Open access peer-reviewed chapter

Introductory Chapter: Data Assimilation

By Dinesh G. Harkut

Reviewed: July 6th 2020Published: October 28th 2020

DOI: 10.5772/intechopen.93330

Downloaded: 242

1. Introduction

Our life is highly influenced and affected by the uncertainty in predicting the outcome of various phenomena and human activities. All the activities are highly influenced by predictions like uncertainty in predicting natural phenomena like rains, heat waves, short-term climate change, cyclone, tornados, or revenue prediction/projection by state/central government while preparing budgets and, GDP growth while formulating financial policies or predicting stock prices/indices by individual investors.
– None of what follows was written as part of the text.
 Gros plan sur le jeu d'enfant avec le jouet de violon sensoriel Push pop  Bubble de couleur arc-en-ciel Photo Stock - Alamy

These predications are based on some relevant class of models that are either causality or empirically derived and can be:

  1. Static model or dynamic model

  2. Stochastic model or deterministic model

  3. Based on either continuous space or discrete space

  4. Operates in either discrete time or continuous time domain

Irrespective of the model used or its origin, solution computed or predictions generated were based on several prerequisite unknown controlling parameters along with initial conditions, boundary conditions variables those are based on some estimation: observations of the phenomenon in question like observed pressure distribution around the eye of the hurricane, data from radars or satellites, the time series of data on unemployment, etc.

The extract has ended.